Monday Mimisms ~ Behind The Drugstore Door

"Oh my! You were standing so still I thought you were a mannequin!" said the bleary-eyed man in the store of sleep deprived and grouchy people. No electricity will do that to a crowd. Such is the ice storm we are recovering from and that is the reason I was standing so very still in the corner of the pharmacy near the windy freezing automatic door that day - charging my cellphone.
All the chargers had been sold. All the milk had been sold. All the cough medicine had been sold. All the batteries. As luck would have it, one lonely stoplight on one lonely icy corner still remained functional and this small lucky store happened to be on that corner. People flowed in and out constantly, some in their pajamas, most looking tired and weary after a day and night with no power - and me - trying to charge up my phone so I could call and check on my mama. They were kind enough to let me use their outlet. But there was no chair. I had to stand up for an hour watching all form of humanity (and some former students with a "Hi, Miss Mimi!") file in and out as they were forced to look at me.

I was bored.
And conspicuous.
In a pink fuzzy hat and pink fuzzy gloves
by the automatic door
that blew in icy visitors


So, when the bleary-eyed man jumped in fear and spoke to me I replied, "No. I'm quite real. But what a great idea. Thanks! I'll be a mannequin."
Then I gave him a Queen wave and froze it midstream in the air.
Have you ever seen a perplexed and frightened look on the face of a stranger? He speechlessly scurried away and didn't wave back.

I got some strange looks, there in the small town charging zone. A little boy about eight-years-old towed by his grandmother smiled and winked at me. "Don't talk to it," she said as she pulled him out the door away from the crazy pink hat lady.


I followed people with my eyes like those spooky movie pictures on the wall, trying to stand as still as possible, stretching my imagination to its limits. Why not? I hadn't been on a self-imposed story-seeking adventure like this one in a long time.

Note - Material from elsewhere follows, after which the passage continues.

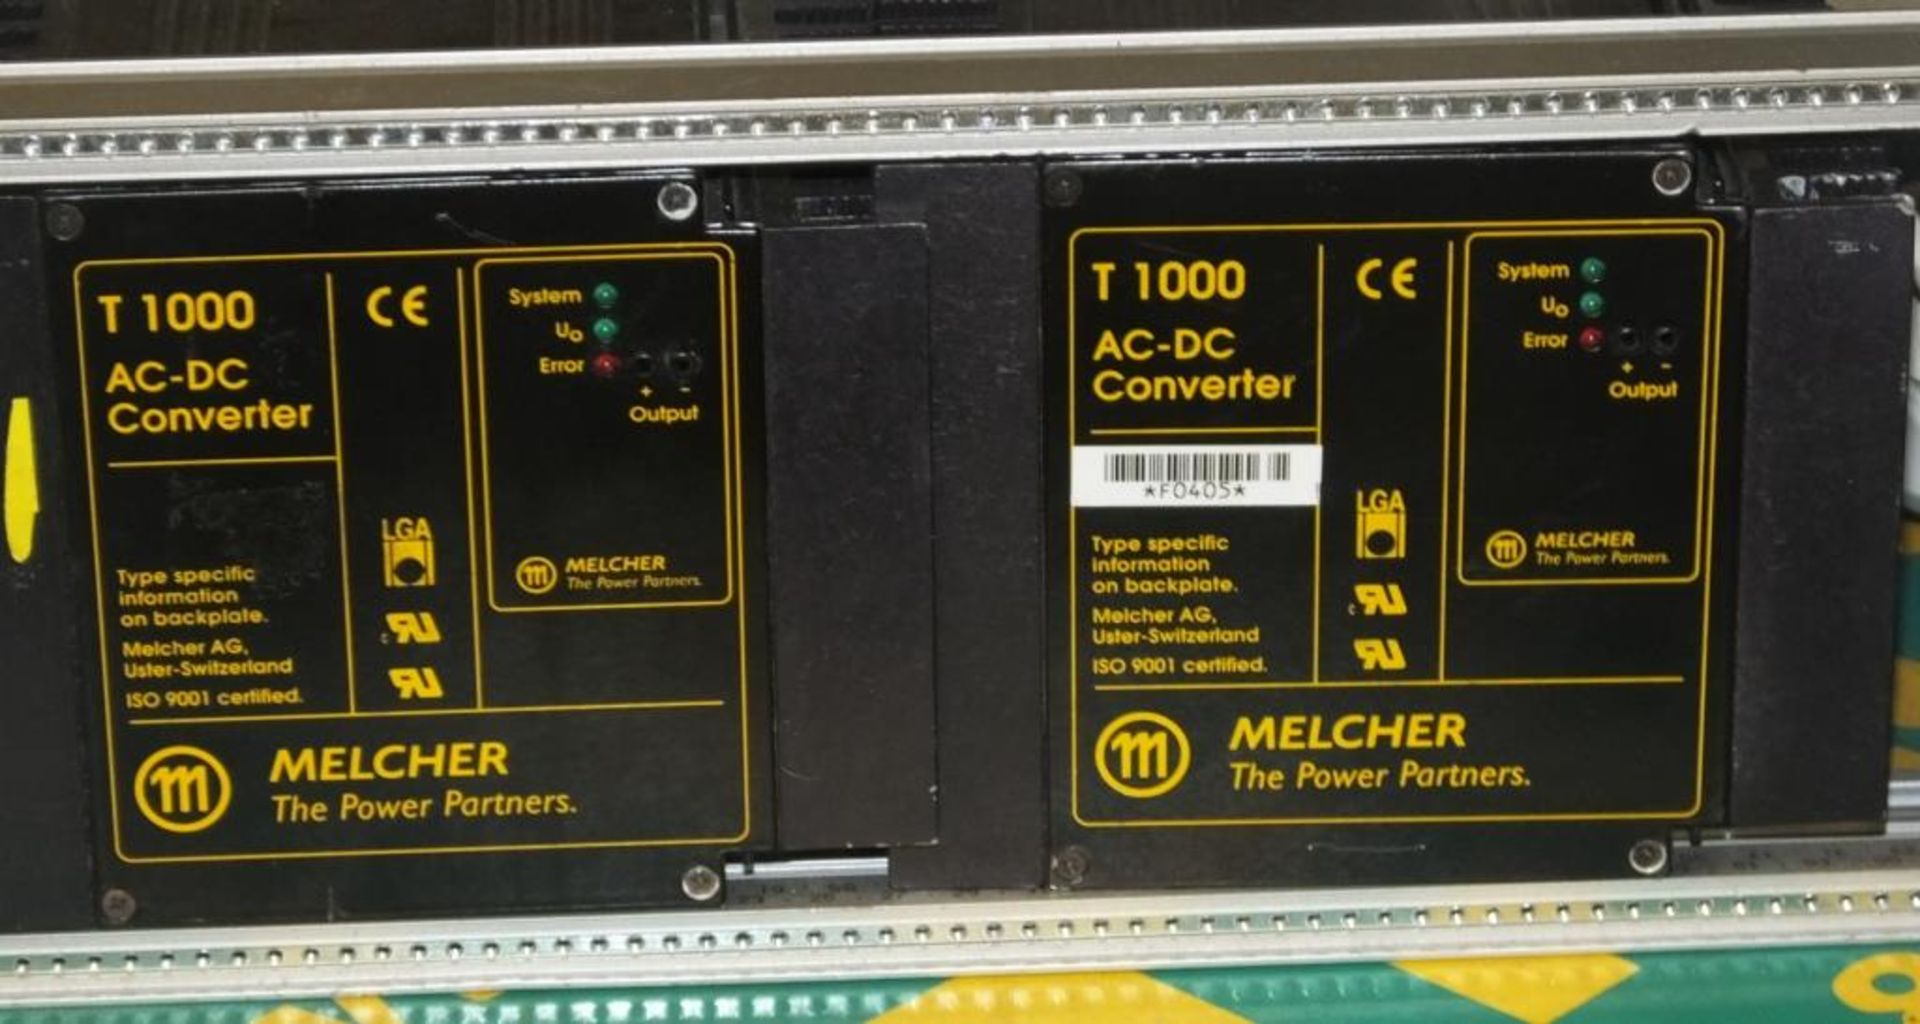 2x Melcher T1000 AC-DC convertors in rack mount - Image 2 of 2

Soon my hand had to drop to my side and a very tall and lovely man with a furry hat struck up a conversation as he waited in the checkout line. "Charging my phone," I said. "Ohhhhh...," he laughed.  And we shared a few storm stories and chit-chat before he left into the setting-sun sky with bottled water and chips.  Except for the perceptive child and one other lady who offered her house and wood stove fire until the power was restored, no one else said a word.

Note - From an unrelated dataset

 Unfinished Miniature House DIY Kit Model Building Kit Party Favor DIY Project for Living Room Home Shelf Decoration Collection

Oh, what a great blog post! And then the wind changed as a strange new revelation began to dawn. Perhaps I'd been cold, sleepless and in the dark too long. Or perhaps....

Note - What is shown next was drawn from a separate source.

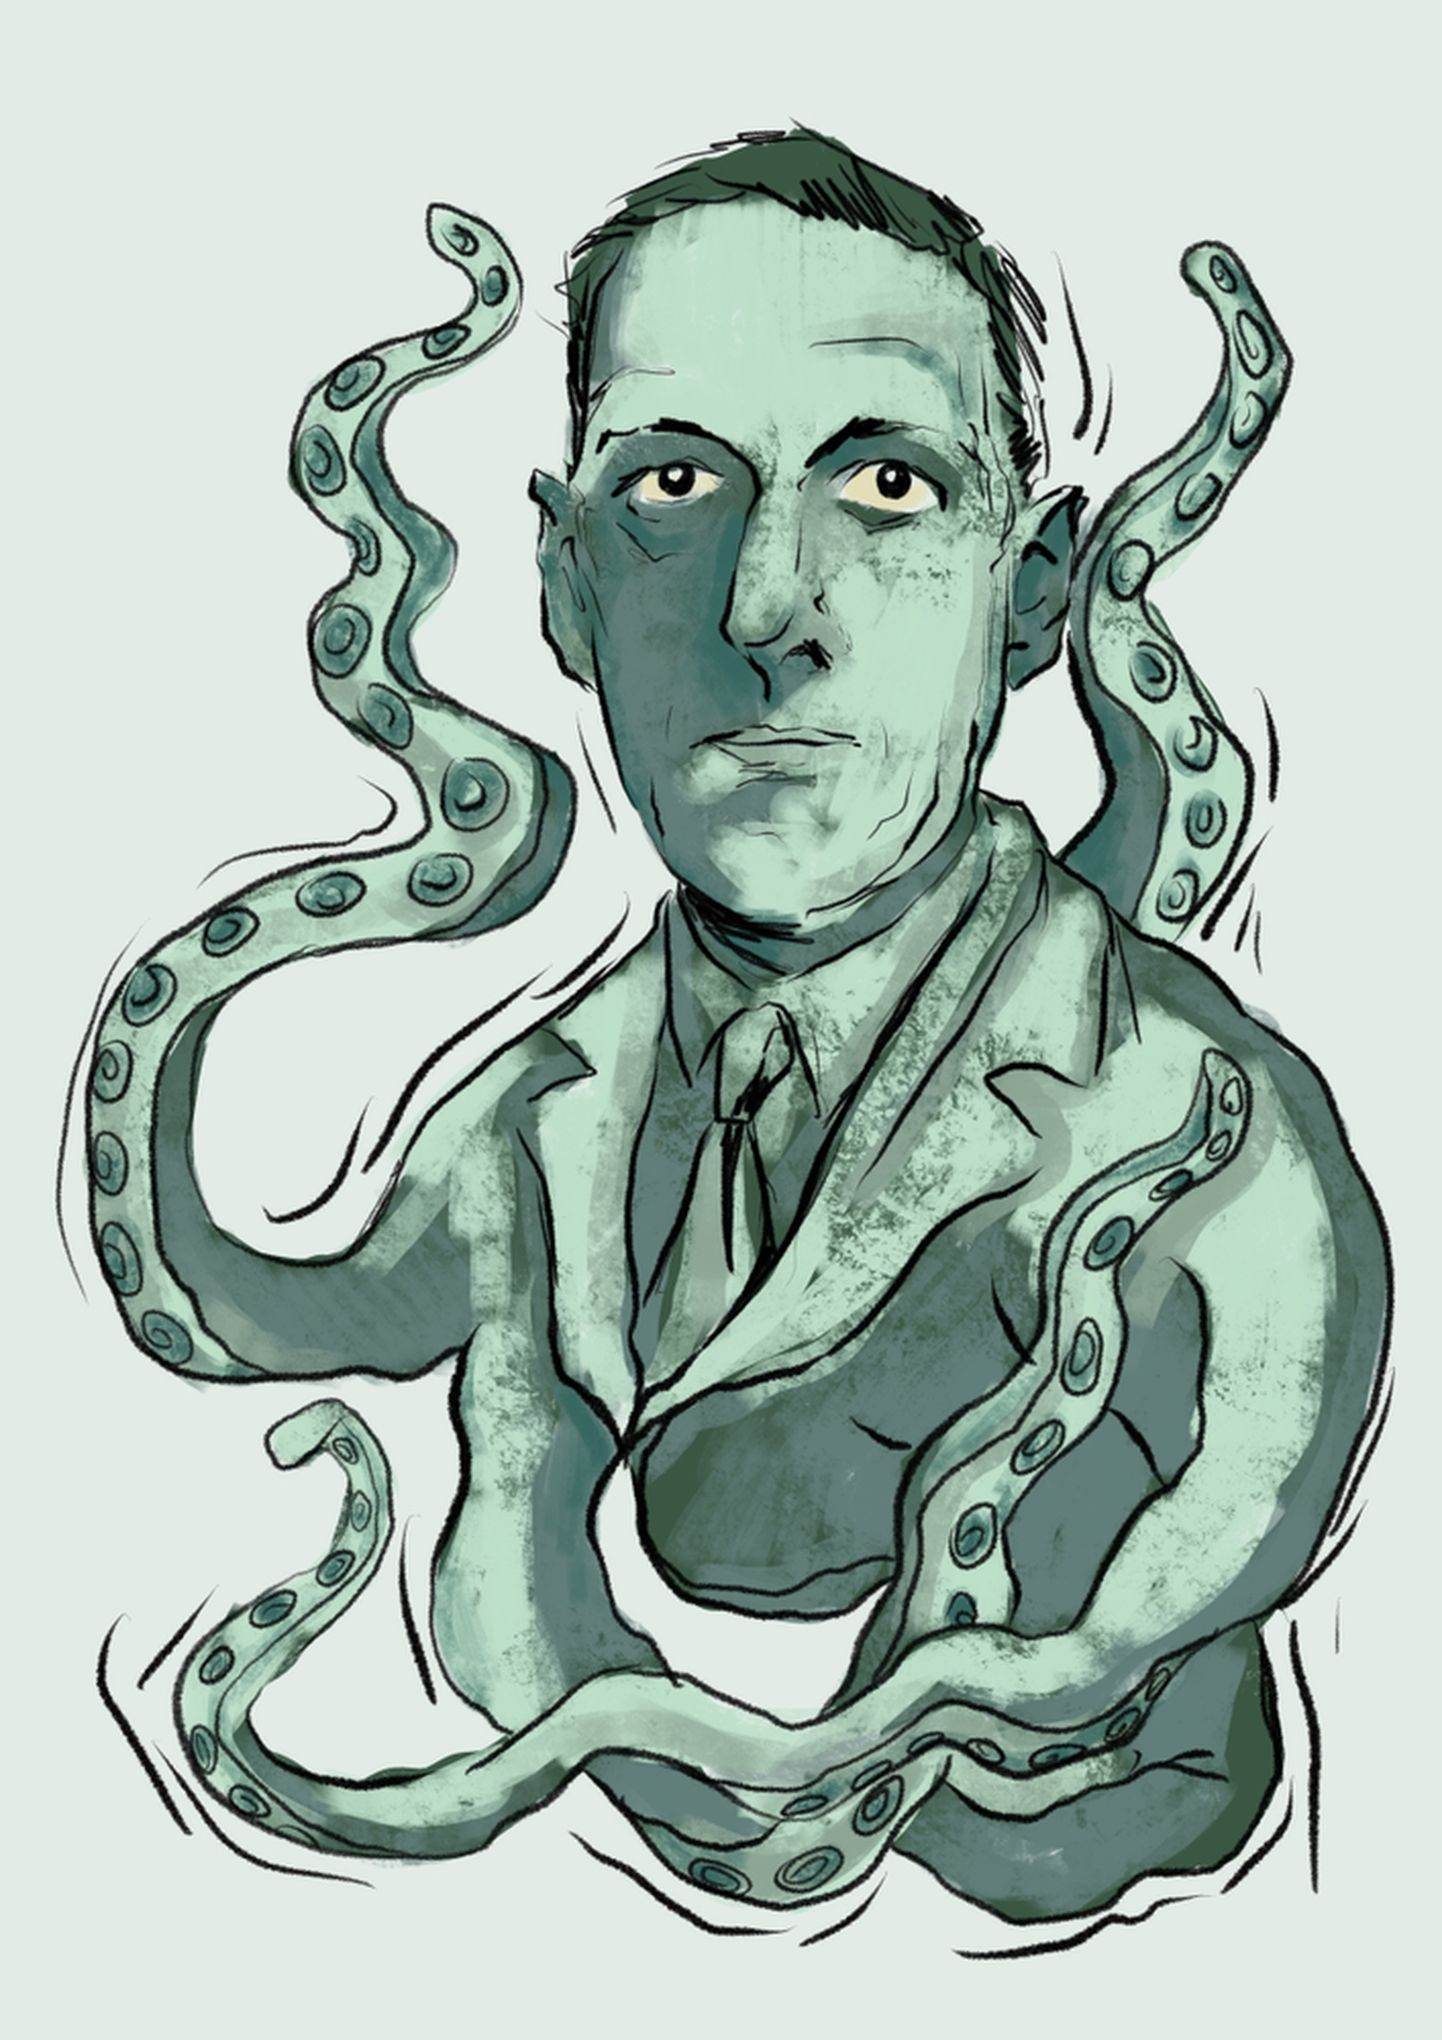 H. P. Lovecraft.

Time to be still again. Only 21% charged said my cellphone screen. It was going to be awhile. After a few more minutes a new crop of cold and hungry townspeople staggered in. Based on the curiously wary looks I received, it finally occurred to me that perhaps people thought I was a homeless person standing by the door just to be inside a warm building. Two plastic bags at my feet, a purse, and a long black coat with mud-splashed tennis shoes from the trek down my slushy driveway. Yep. I looked homeless.

This must be what it feels like.
A spectacle. Pitied. Avoided. A person to yank your children away from. Someone whose eyes you didn't want meeting yours. How cruel it must be to watch families shopping together when you have no family of your own. How hurtful hearing the ring-ring of the cash register as the food you might desperately need is slung across a privileged counter as money counts from a privileged purse. I wondered. How do people go on? 
Why don't they all lose their minds? I think I would.  I unbuttoned my coat and unwound my pride. I wanted to know what it felt like to take that in and fight the urge to defend my societal status. I decided to stay in that wondering for awhile until I was full of the feeling. How odd that an unexpected ice storm had set the stage for my brief but startling journey into odd and curious stares.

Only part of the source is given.